Llama mi madre y me dice que voy a ser tía de nuevo. Llamo a mi hermana y le digo: ¡¡¡que voy a tener otro sobrinooooo!!! como si fuera yo quien da la noticia. Decimos todas las tonterías que se nos ocurren en ese momento, referentes o no a bebés, embarazos, traumas de las hermanas mayores, reacciones de mi cuñado..., que es lo que hacemos mi hermana y yo desde que tenemos uso de razón cuando estamos hiperexcitadas por alguna cosa (en serio, la tontería nos puede durar horas ante la mirada de 'basta ya, por favor' de mis padres y mi hermano), y colgamos.
En el momento justo de colgar, si no un poco antes, pienso lo mismo que pensé cuando mi hermana me dijo que iba a ser tía por primera y por segunda vez. Pienso: Joder, tengo que ser mejor. En todo. En lo que sea. Mejor. No sé; es el acto reflejo que me producen los niños nuevos en la familia. Es instintivo, además: cuando me enteré de que venía Aina, que fue la primera, lo pensé. Tampoco es que tuviera conciencia de que iba a ser un ejemplo próximo para ella: viven en Mallorca y nos vemos cada unos tres meses: la niñera, los profes del cole, los vecinos, los amigos de allá de mi hermana y de mi cuñado, mis padres -que van más a menudo por allá-, los padres de mi cuñado, el hermano de mi cuñado -que vive en Menorca y no para de ir y venir-... hay decenas de personas que tienen contacto mucho más frecuente que yo con ella y con Maria, mi segunda sobrina. Yo tampoco había tenido otro sobrino antes que Aina, así que no es que tuviera una experiencia previa al asunto que me dijera: ya la has cagado con uno, para esta tienes que ser buena, qué va: acto reflejo, ya les digo.

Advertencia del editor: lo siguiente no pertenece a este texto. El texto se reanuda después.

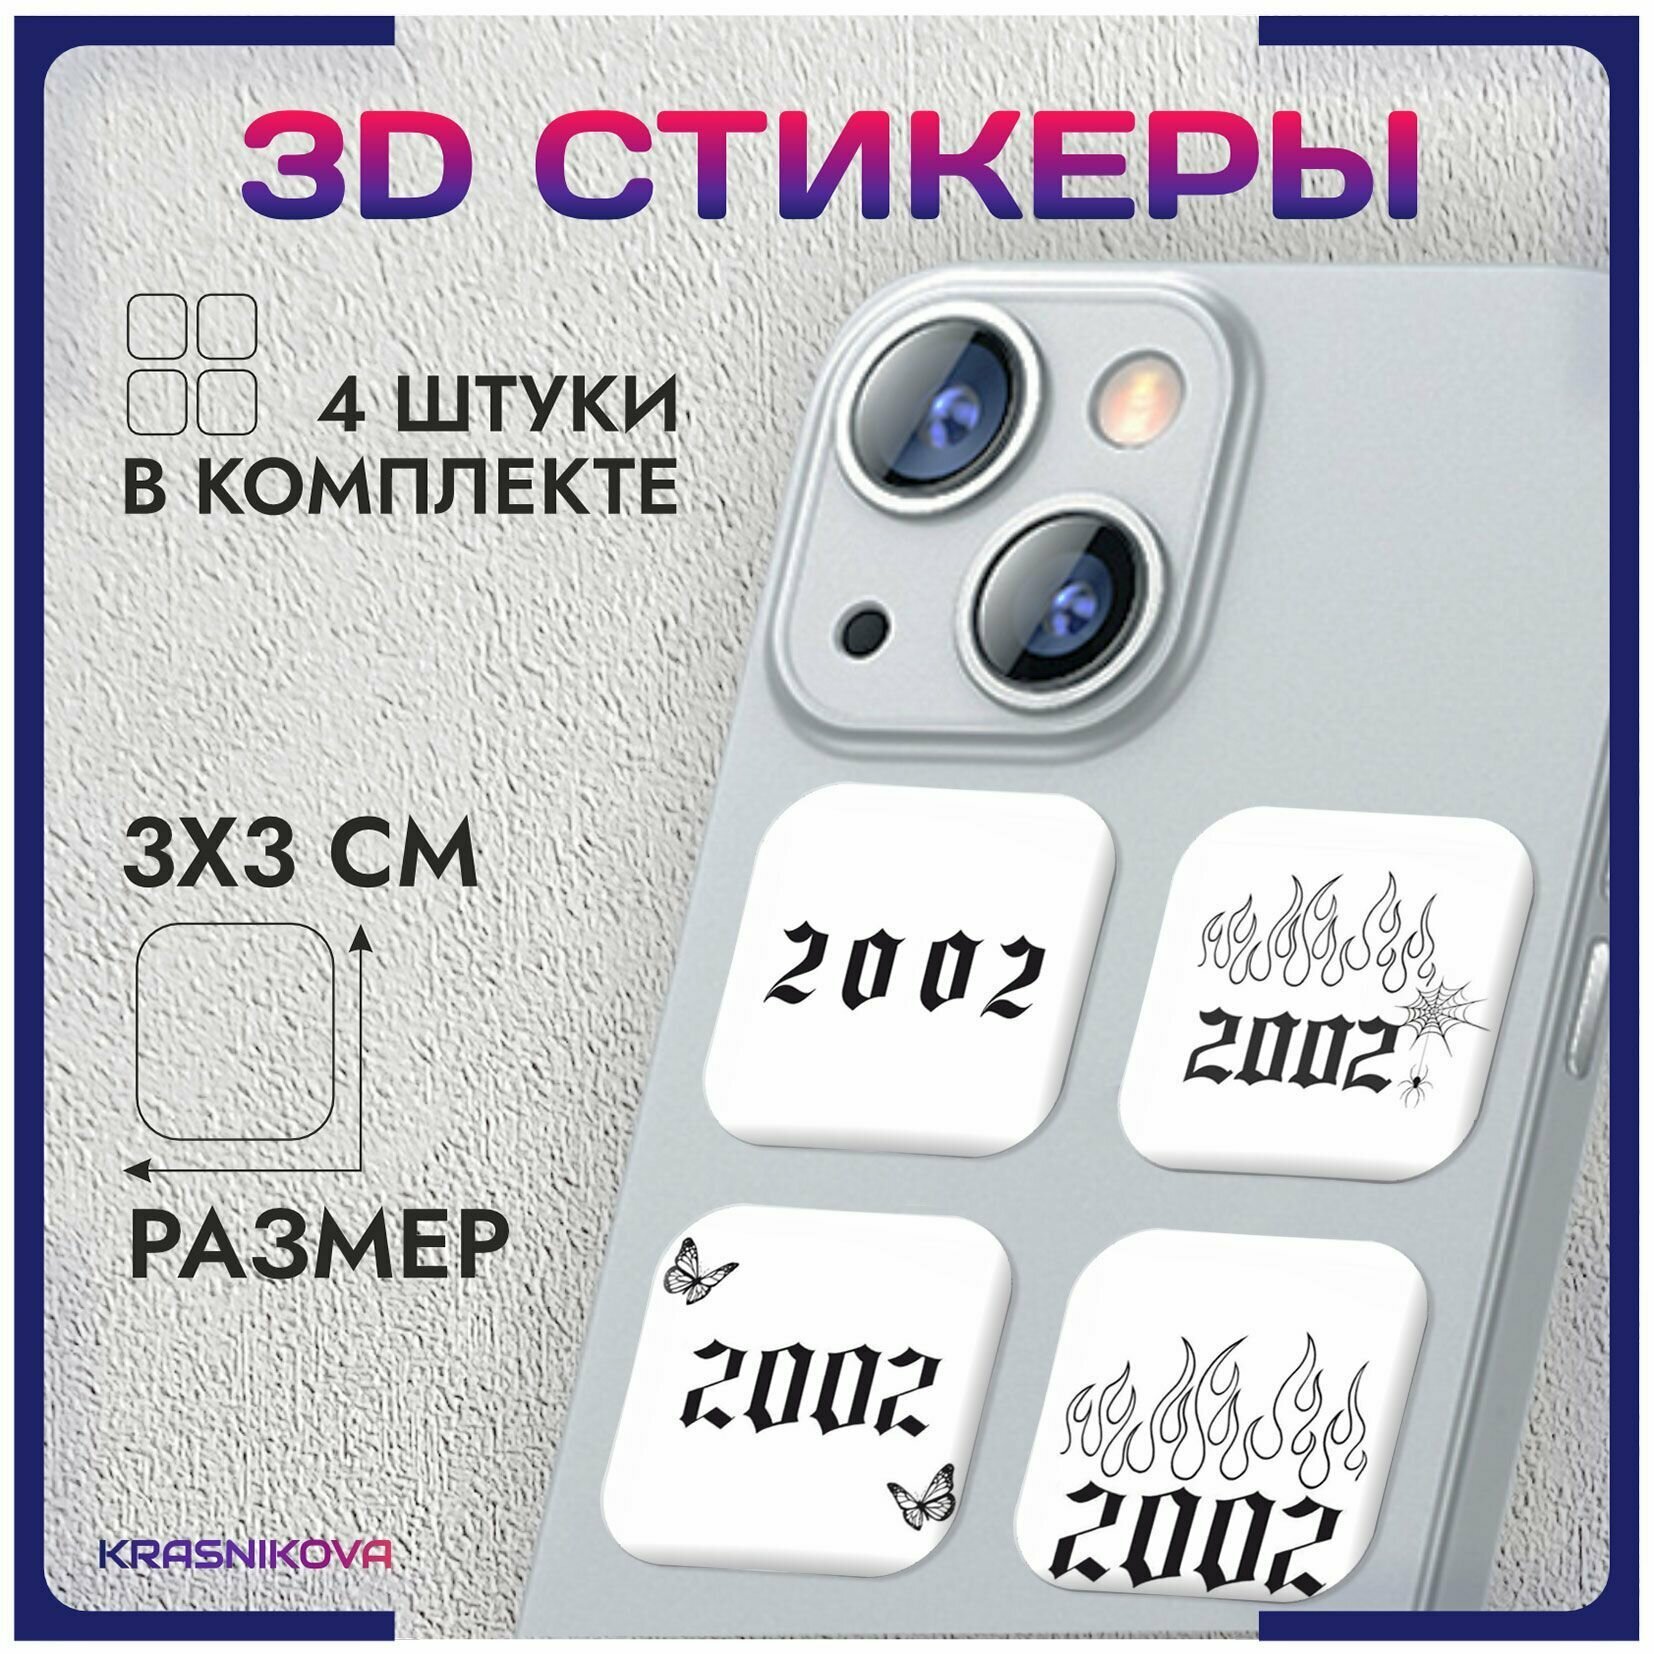 3D стикеры на телефон объемные наклейки 2002 год символика

Empecé a entender por qué tenía que ser mejor si tenía una sobrina cuando Aina ya tenía unos meses. Cada vez que nos veíamos, menos una vez que se acababa de despertar de la siesta y estaba toda refunfuñona, lo primero que hacía era soltarme una sonrisa de oreja a oreja que, al principio, me hacía quedarme pasmada pensando 'es demasiado pequeña, no puede acordarse de mí'... Unos meses más tarde, cuando empezaba a gatear, llegué a casa de mis padres y vino hasta la puerta arrastrándose: yo me tiré al suelo con ella y empezamos a hacer la croqueta en la alfombra cada una para un lado tronchándonos de la risa. Más adelante, cuando empezaba a hablar, nos pegamos la tarde diciendo arrrjrjjjj, cada vez que nos mirábamos: yo hablaba con mi hermana y ella me miraba todo el rato, esperando a que yo la mirara para decir aarrjjrrjrjj, yo le contestaba con otro arjrjajjjjrrrrrjj y se partía de la risa. Mi hermana me dijo: esto no lo hace con nadie, tenéis un lenguaje especial, vosotras dos. La penúltima vez que la vi, yo estaba en la tienda de mi hermano, de espaldas a la puerta, cuando oí la voz de mi hermana que decía: Aina, mira quién está allí. Yo también miré y la vi literalmente retociéndose, no sabiendo qué hacer con las manos y diciendo, con esa sonrisa que les decía antes: I-sa-bel, para después arrancar a correr para darme un beso.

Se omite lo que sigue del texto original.